Restate the data exactly as given and keep the pictures out.

==== SUPPLIED DATA ====

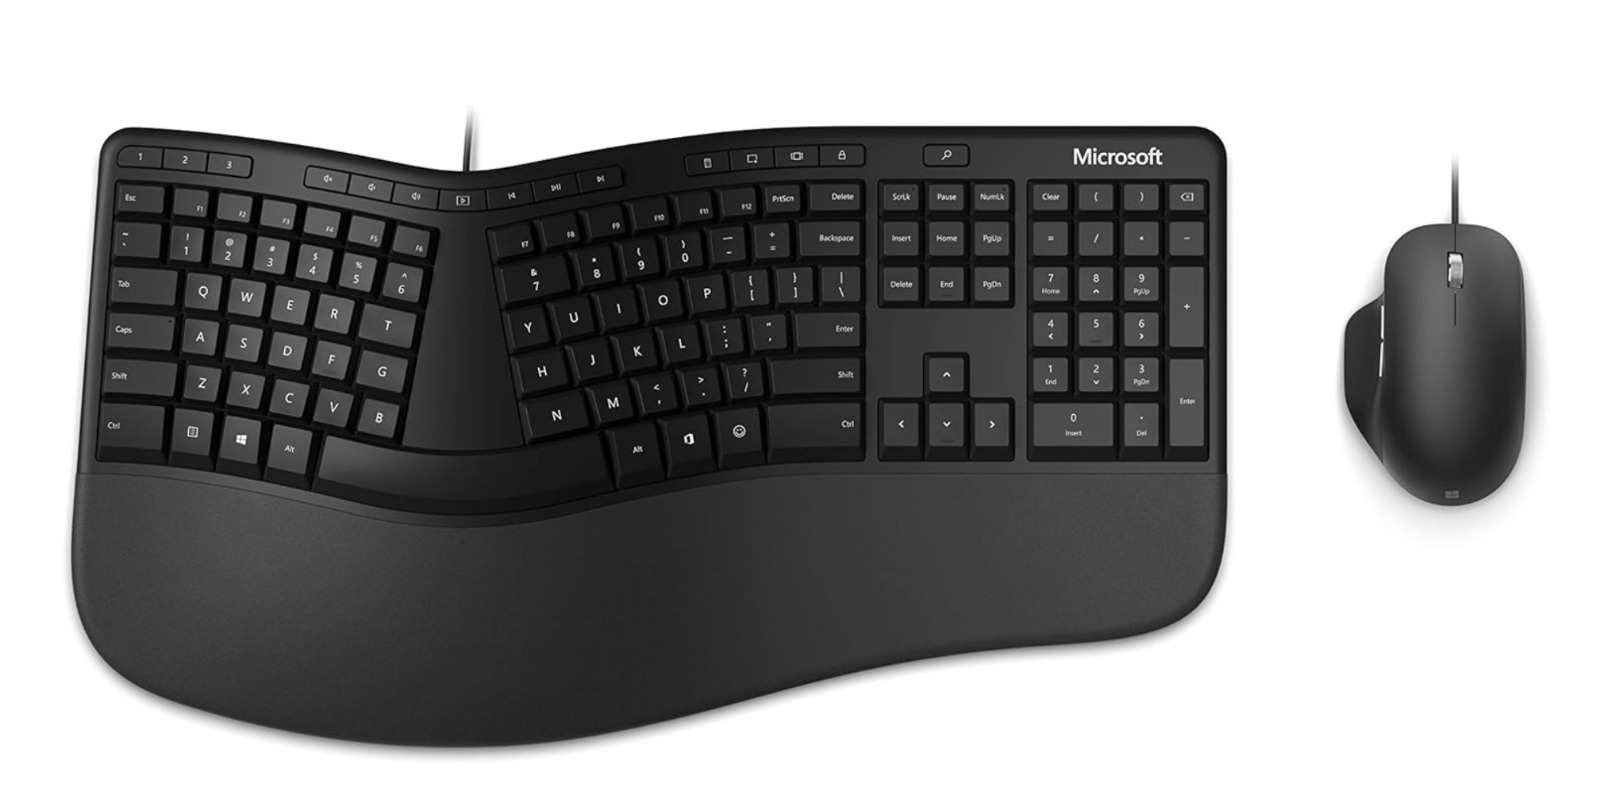 Microsoft Ergonomic (RJU-00001) Wired Desktop Keyboard and Mouse bundle
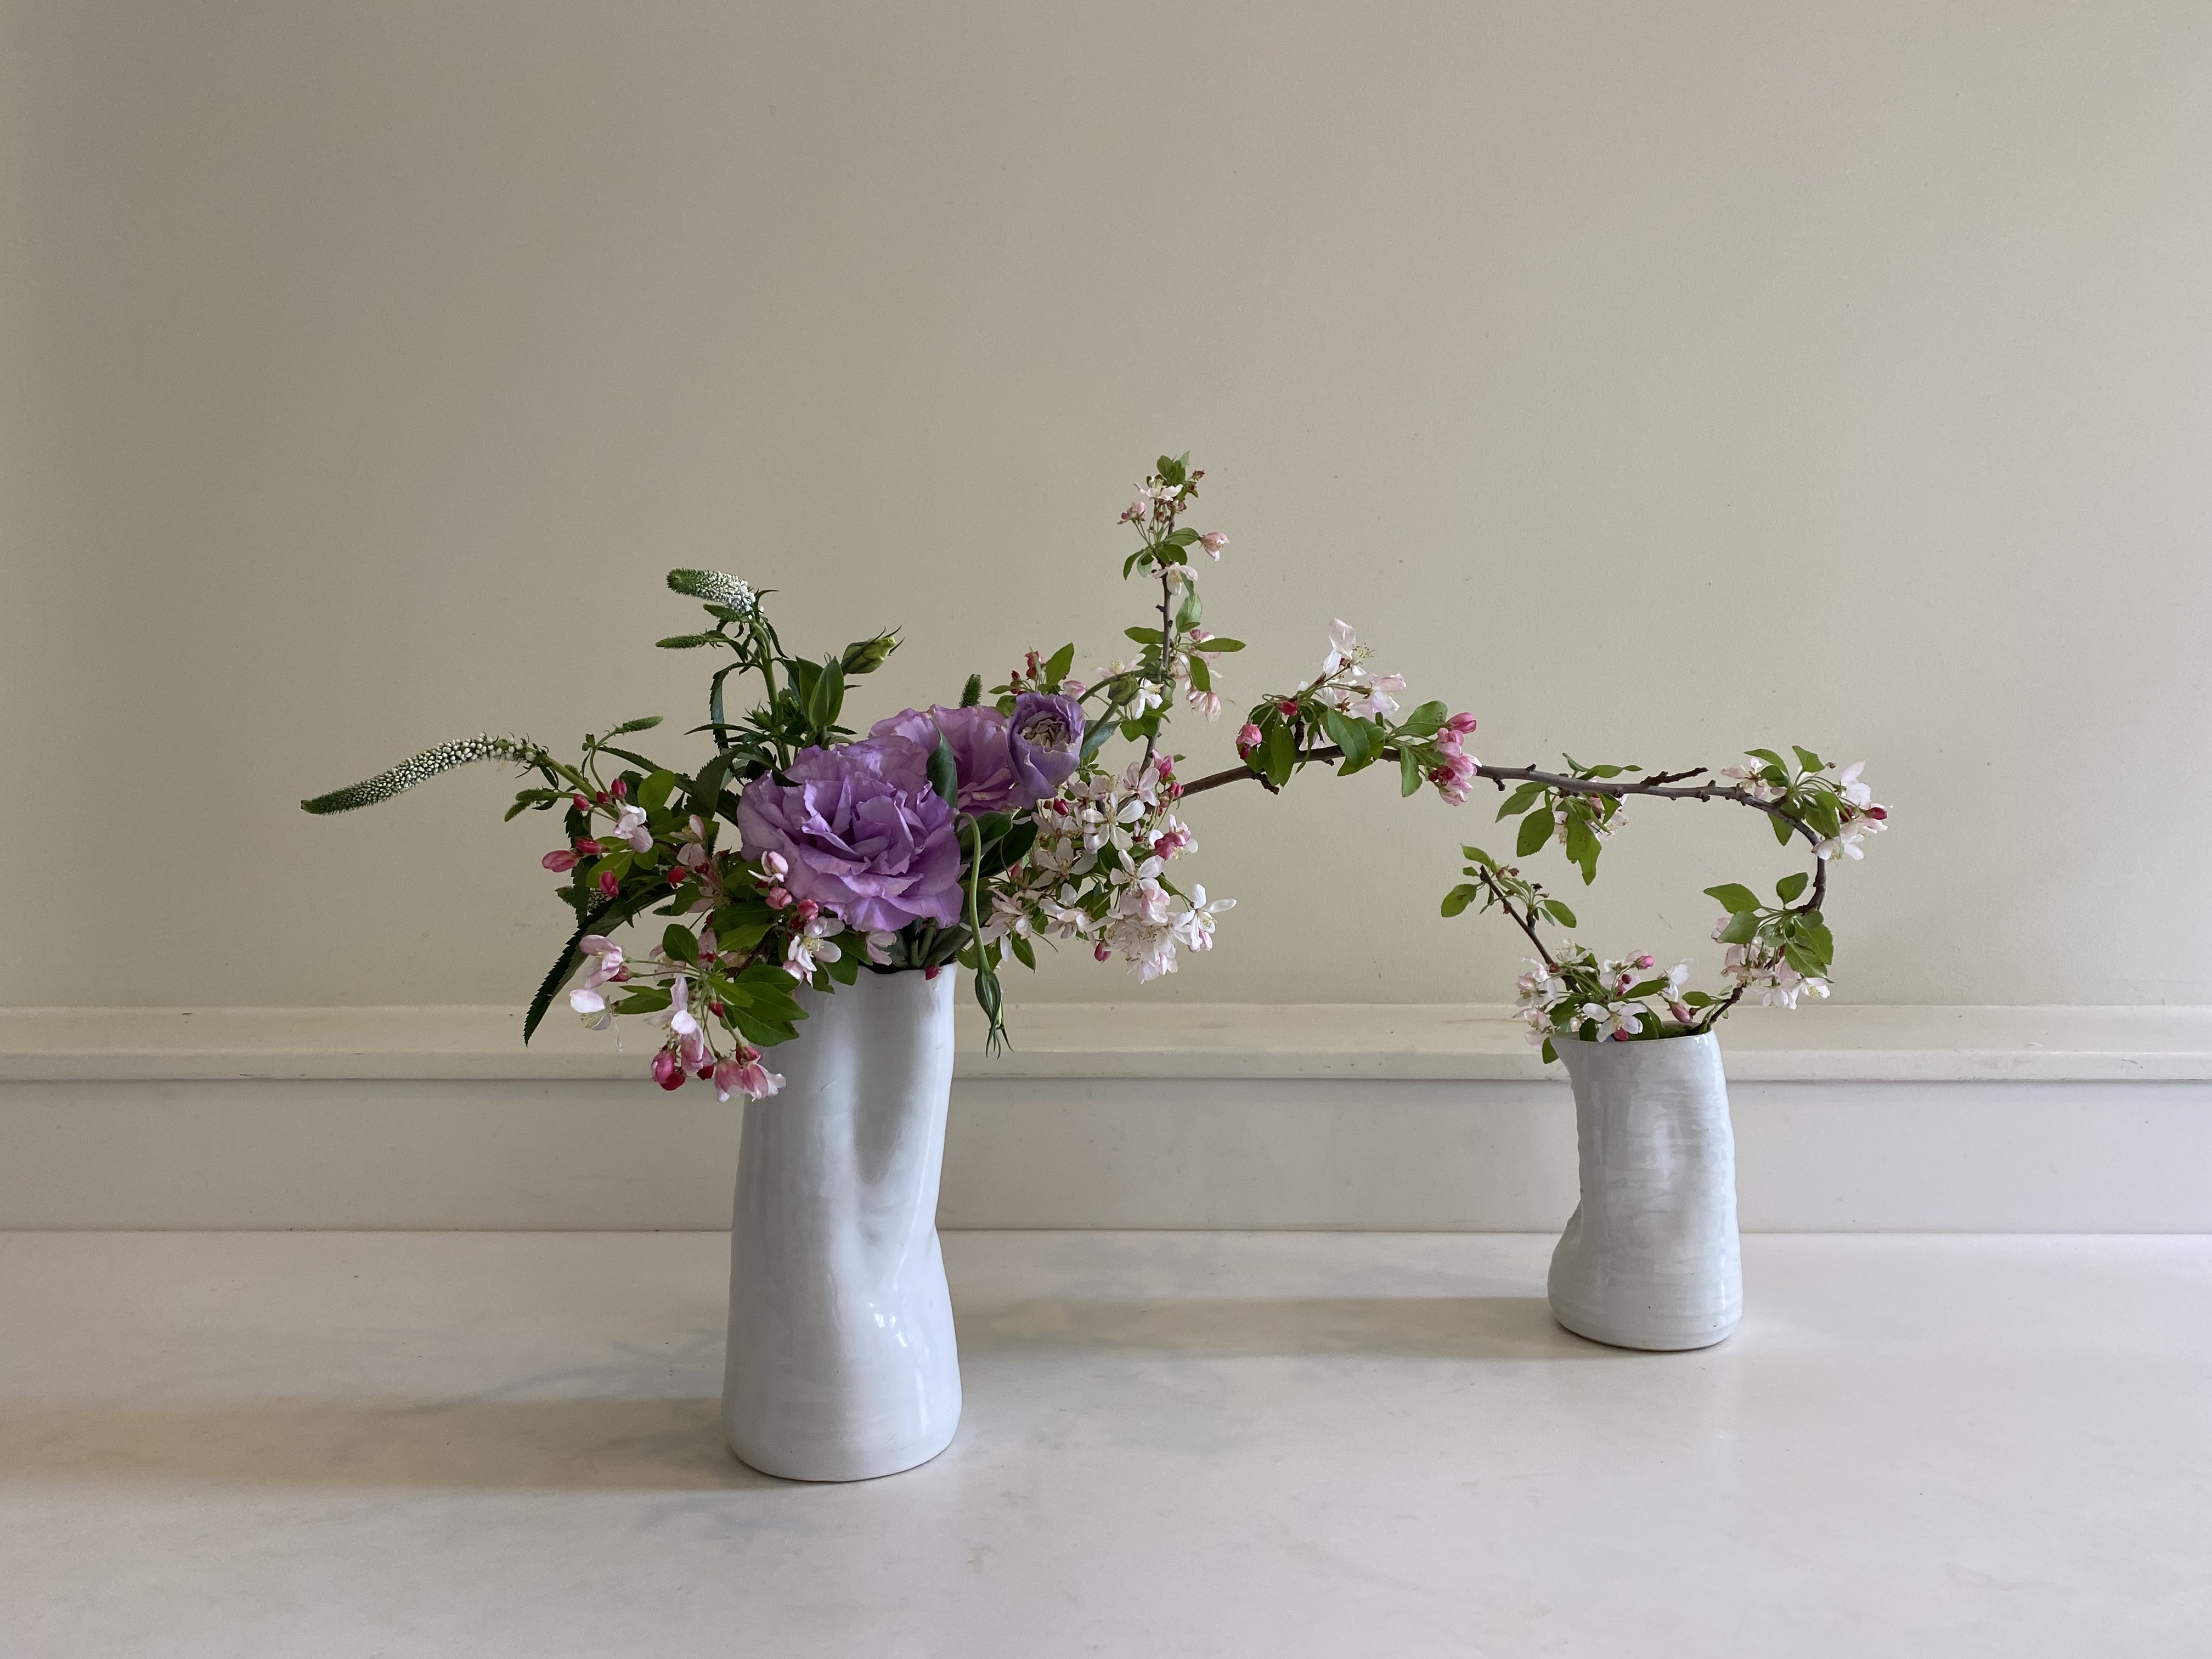 An ikebana arrangement made up of two vases
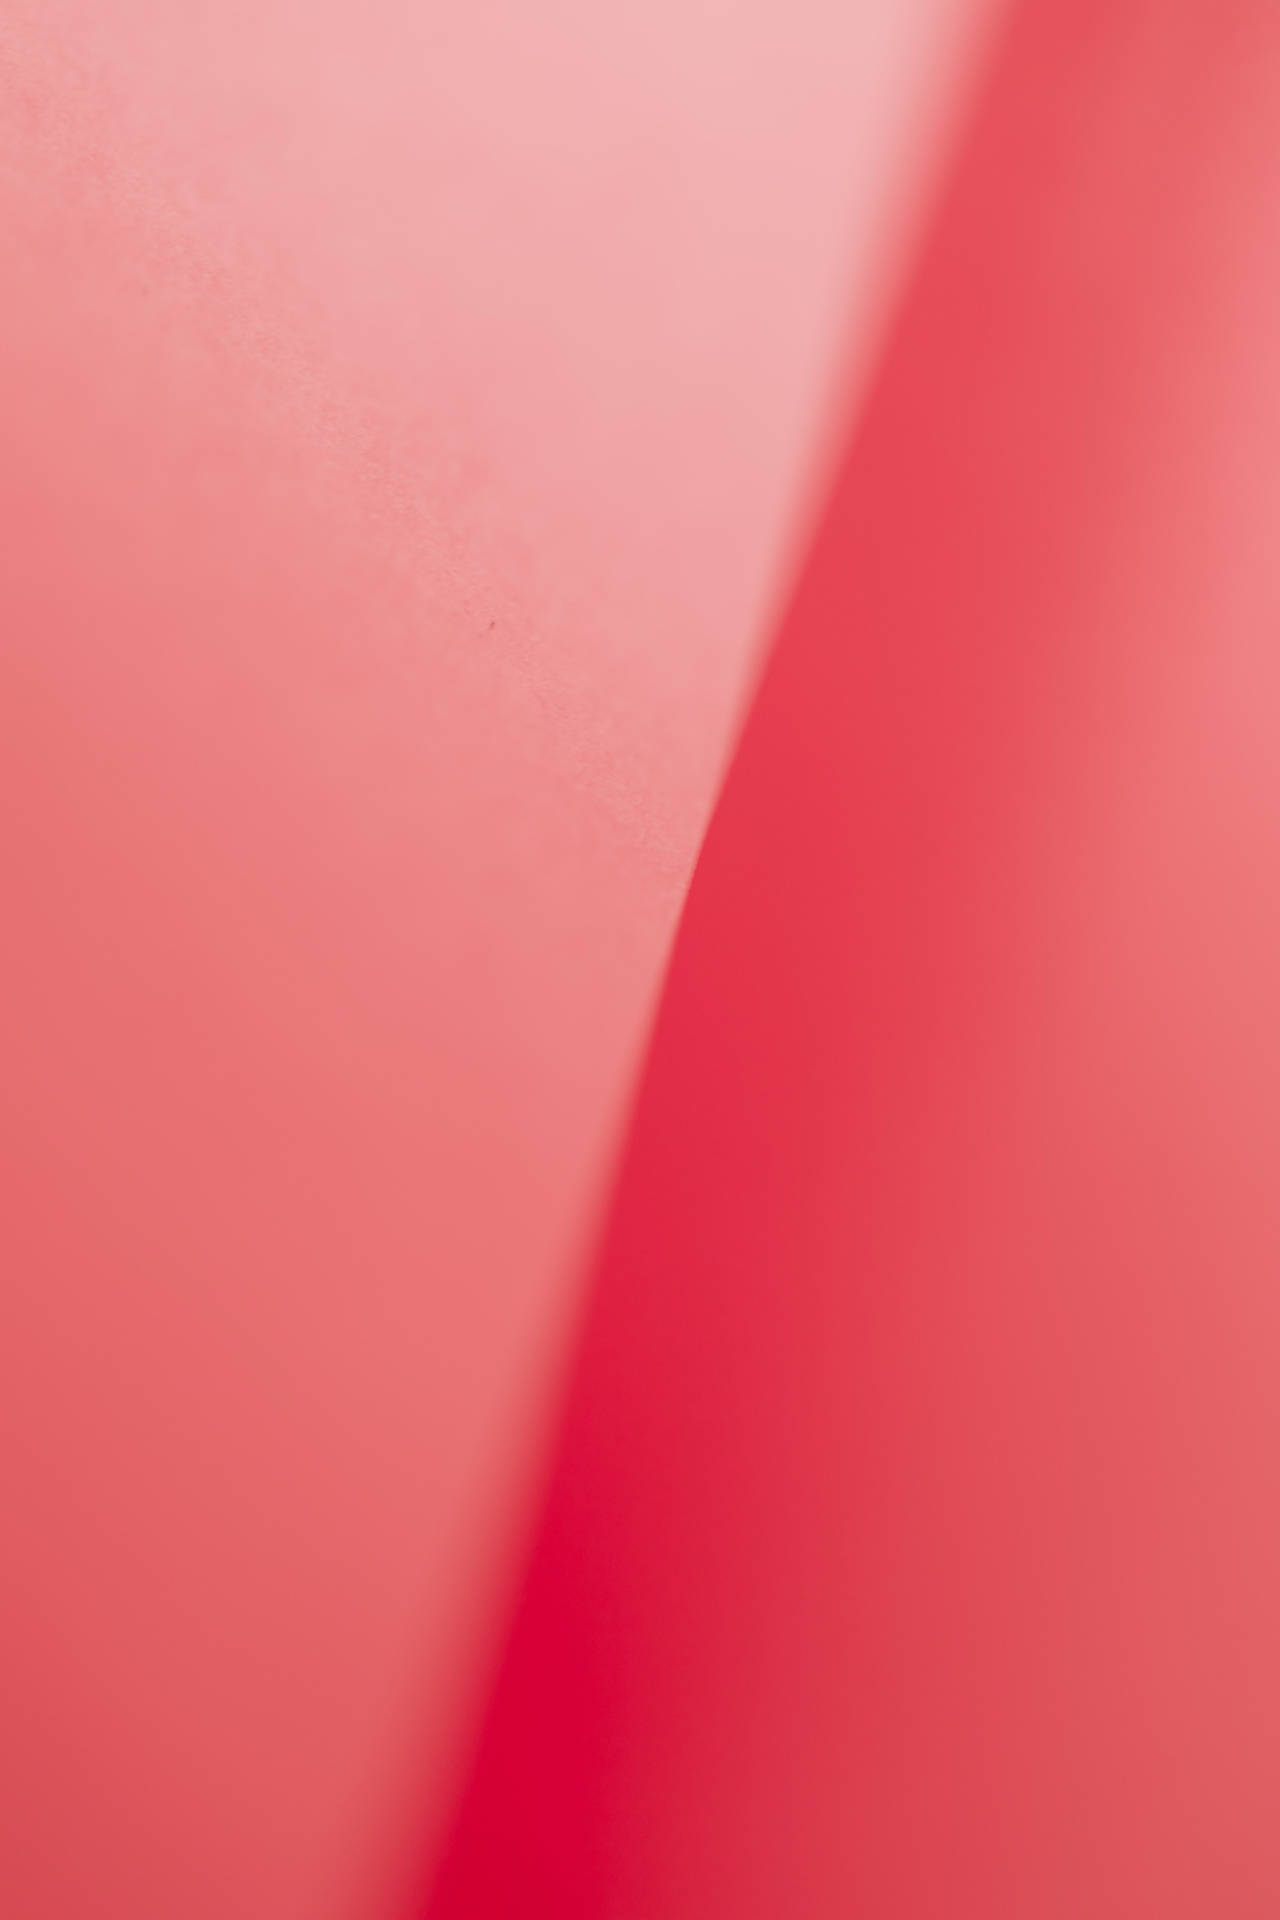 A Close Up Of A Pink Paper Wallpaper

====

RESPONSE:
 Microsoft Ergonomic (RJU-00001) Wired Desktop Keyboard and Mouse bundle
 An ikebana arrangement made up of two vases
 A Close Up Of A Pink Paper Wallpaper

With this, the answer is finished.